Relevance and Performance
Yet another geocoder ?
There are already other geocoders available, so why Gisgraphy? Firstly and to be clear, you should be aware that my goal, here, is not to denigrate, or to tell you that Gisgraphy is the best geocoder - not at all!. we strongly respect the developers and the community that work hard and for free to develop geocoders or geoloc applications, tools and utilities. Other solutions have yet to fit all my needs, and that's the reason why we have developed Gisgraphy. For me, the relevance / usability or price of the existing geocoder is not satisfactory (it is my opinion). let's take the most popular : Google geocoder, Nominatim and Geo::Coder::US :
- Google Maps is not free and not open source and really expensive ($25,000USD for one year). But we must admit that the relevance is really good...

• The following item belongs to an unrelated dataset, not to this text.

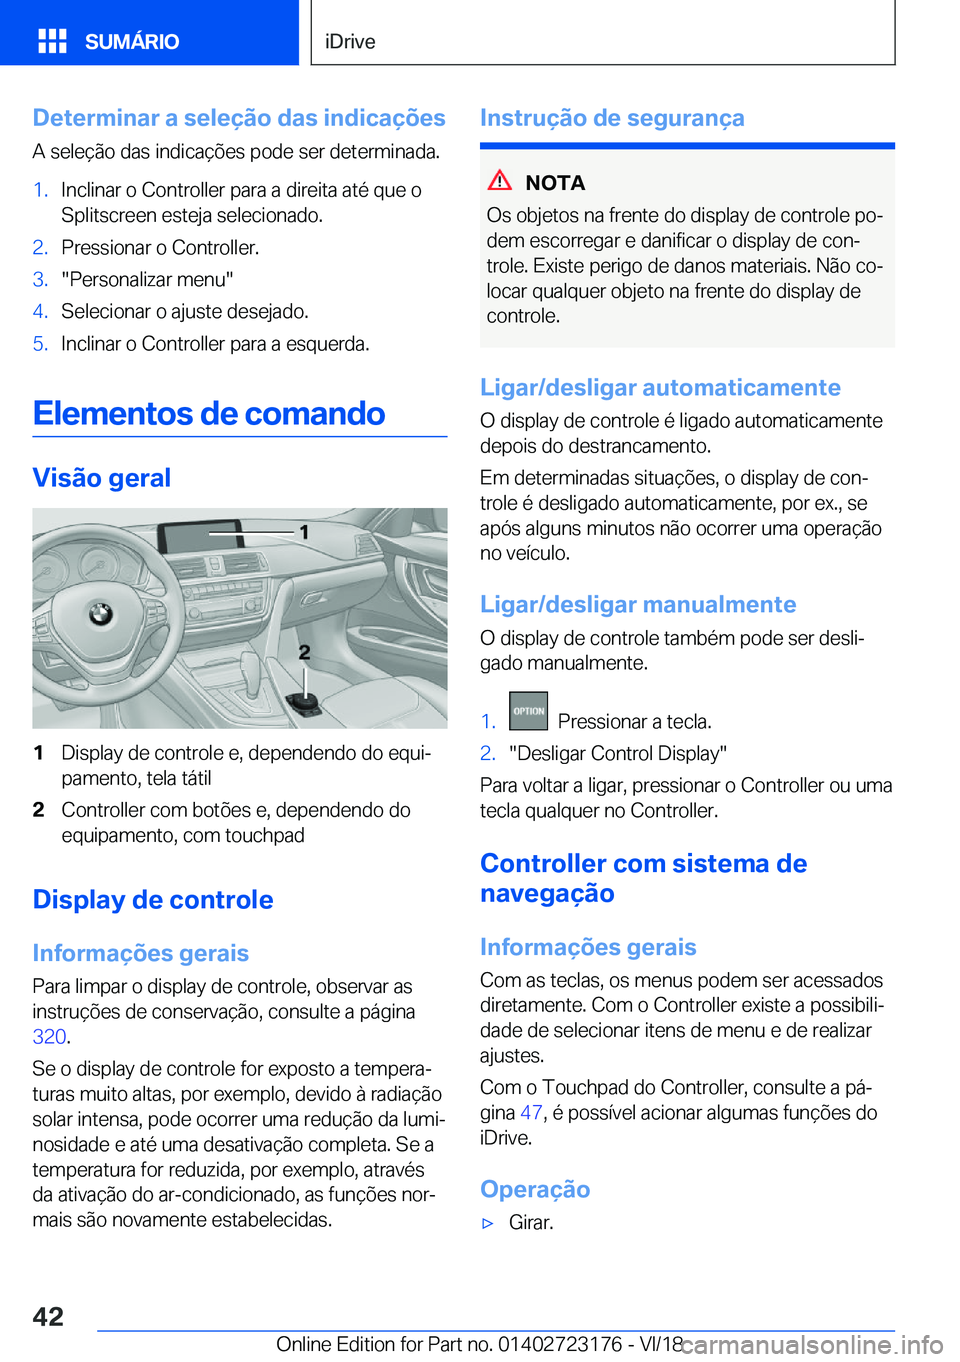 BMW 4 SERIES GRAN COUPE 2019  Manual do condutor (in Portuguese) �D�e�t�e�r�m�i�n�a�r��a��s�e�l�e�
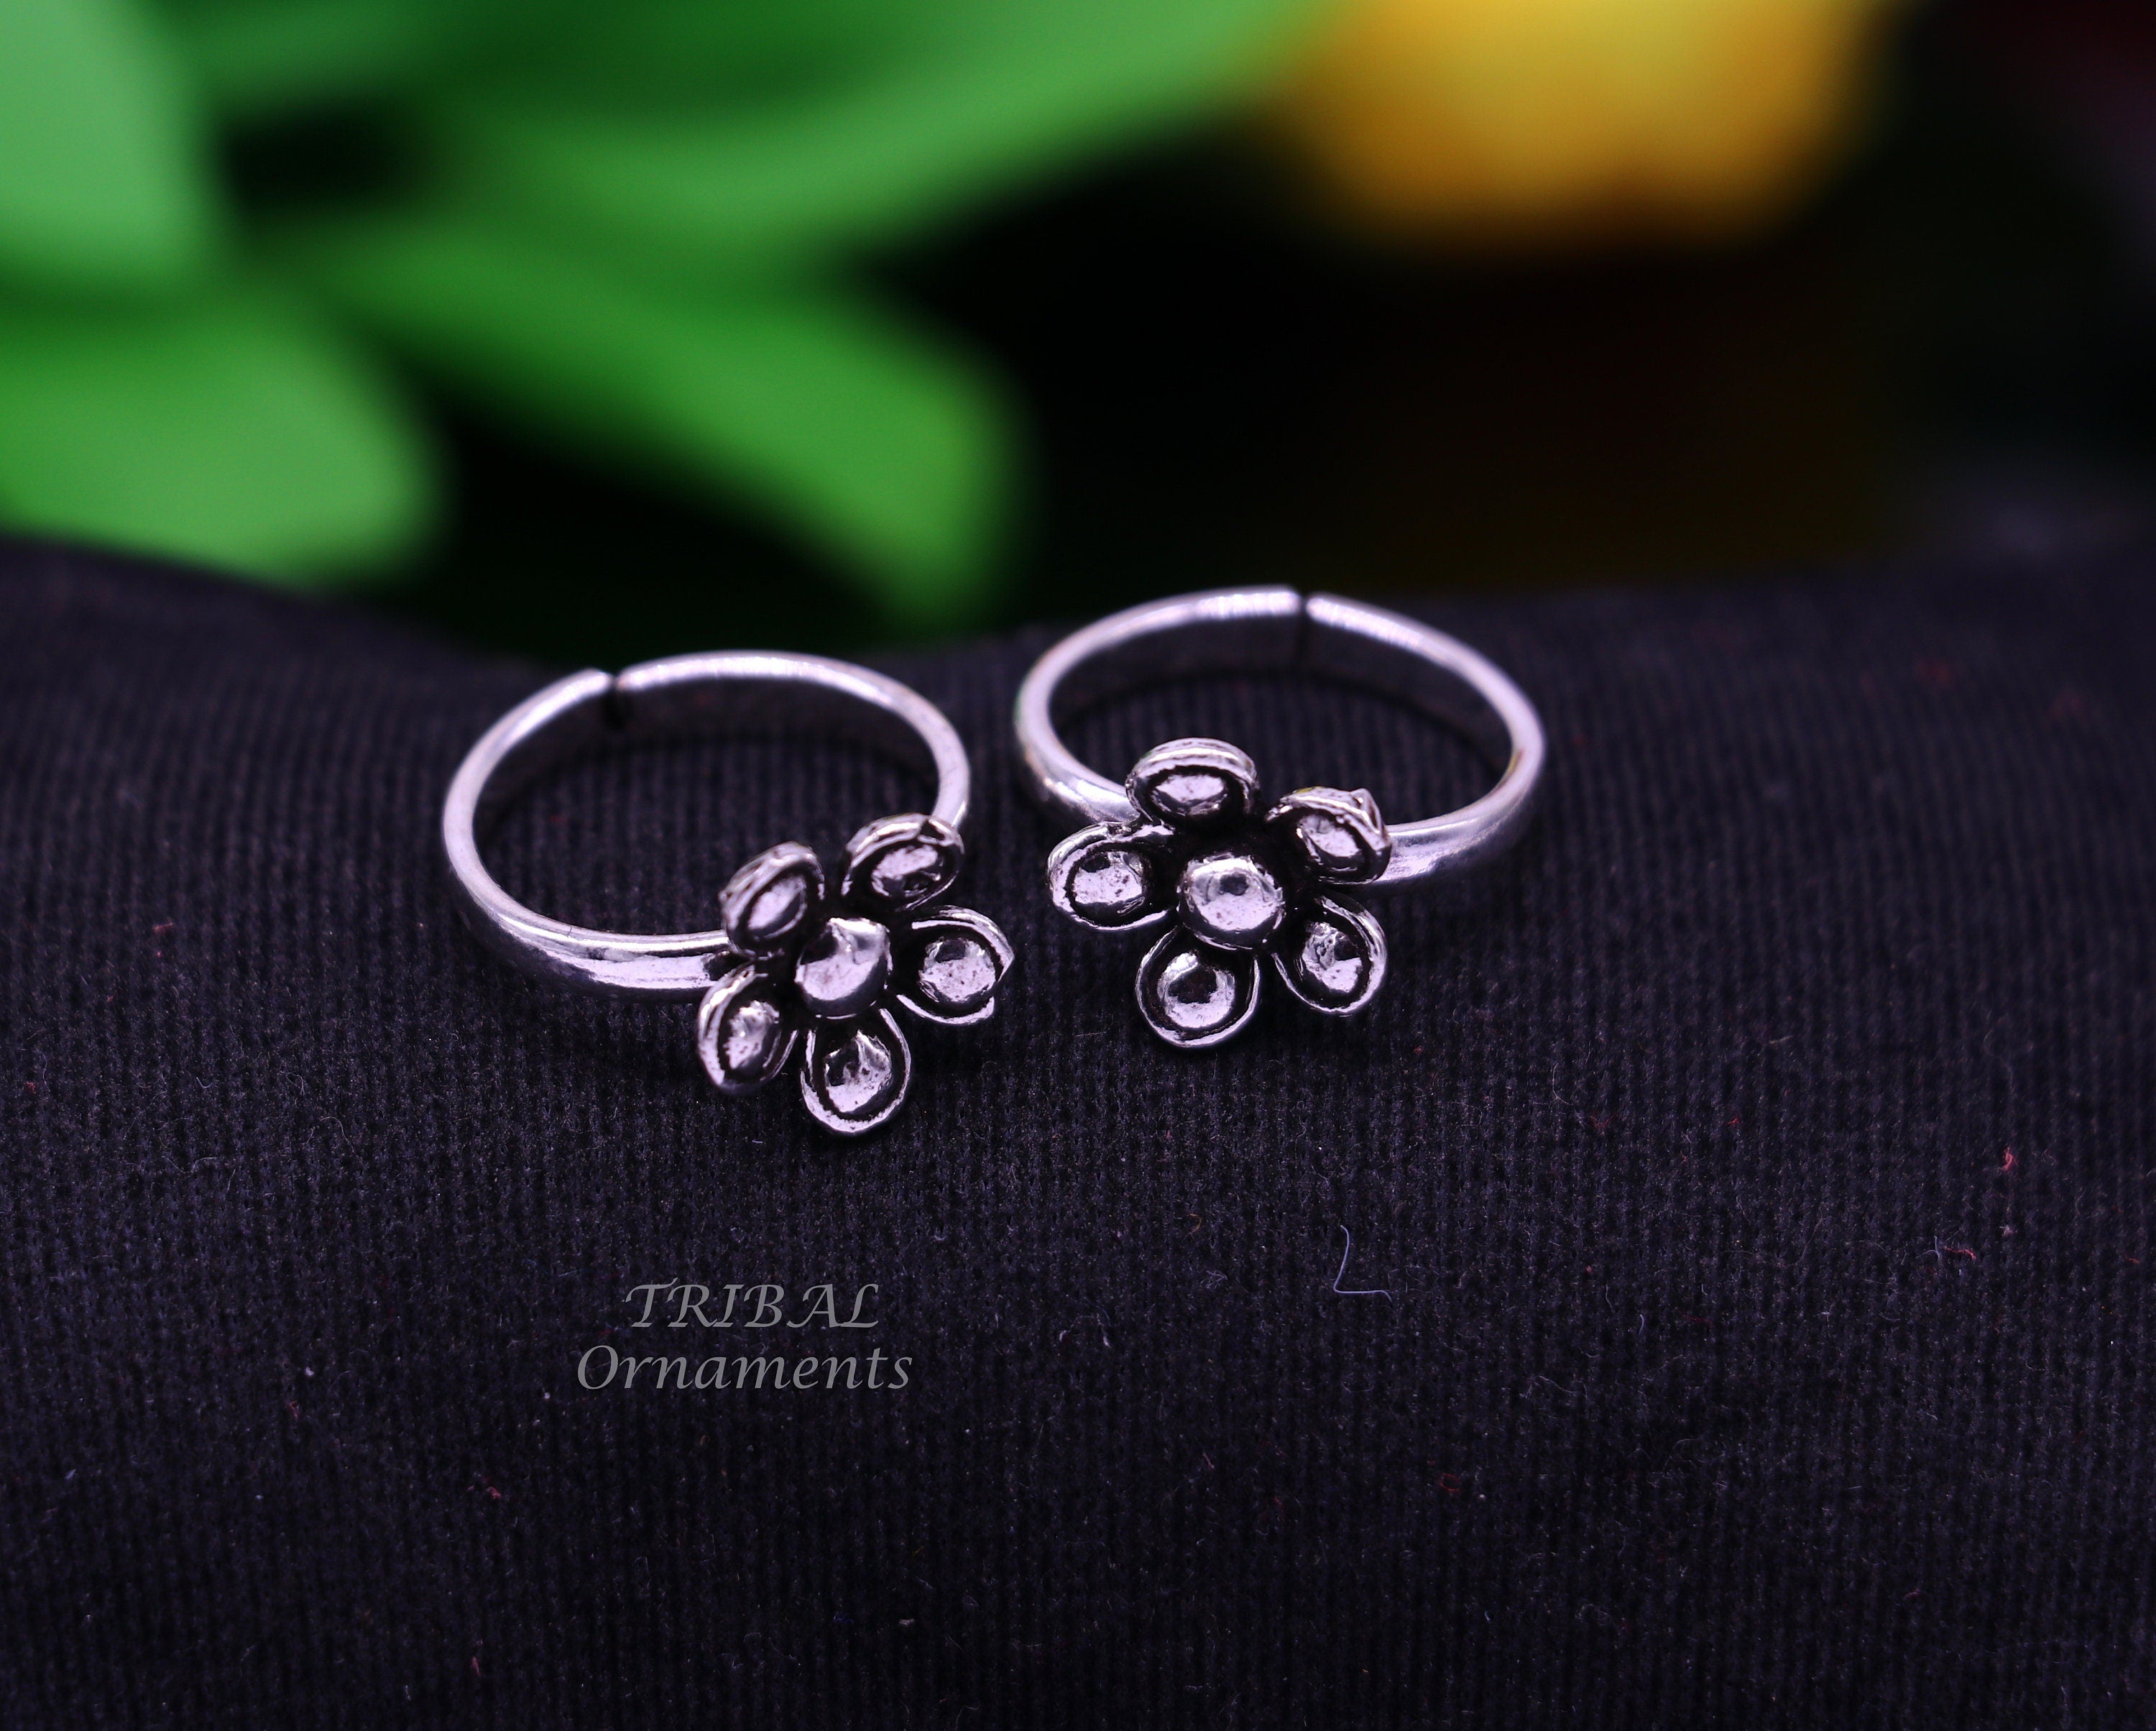 Buy Praavy 925 Oxidised Silver Four Flower Adjustable Toe Ring Online

- Geo::Coder::US is not worldwide. That's a real limitation...
- On the wiki page of Nominatim it is written : "Search terms are processed left to right. This Search will work: pilkington avenue, birmingham, This search will fail: birmingham, pilkington avenue ". That's not very versatile.
A different philosophy : An Address is not a string !
After more than 11 years of doing geocoding, that's our conclusion - An address is not a string ! It is the cardinality of all of the possible names of the different parts :
'3355 S Las Vegas Blvd, Las Vegas ' and 'the Venitian, The Strip NV 89109 USA' are the same address but there is no common word between the two addresses
Gisgraphy has its own importer and mixes the best open source gazetteers / databases such as OpenStreetMap of course, but also Openaddresses, GeoNames and Quattroshapes, and it transform them into an address and POI database. It links each house to its street, each street to its city / ZIPcode, and each city to its administrative divisions. All of these are associated with alternate names.
It uses a full-text engine with an address parser to separate the several parts of the address. Then it is simpler to do geocoding and remove ambiguity such as streets that have city names, unit information that can complicate the full-text search, house numbers that looks like ZIPcodes, etc and so as to improve relevance it also uses shapes where possible. Gisgraphy also avoids putting a street in a city such that its centrer is closer than the center of the city it belongs to.
Gisgraphy is more than a geocoder, it provides also a full stack that allows doing common things as reverse geocoding, search around for place or POI by name, (different than search for address), restrict search around a point for a given radius, and so on. It also comes with autocompletion and spell-checking that is very useful and users are accustomed to it.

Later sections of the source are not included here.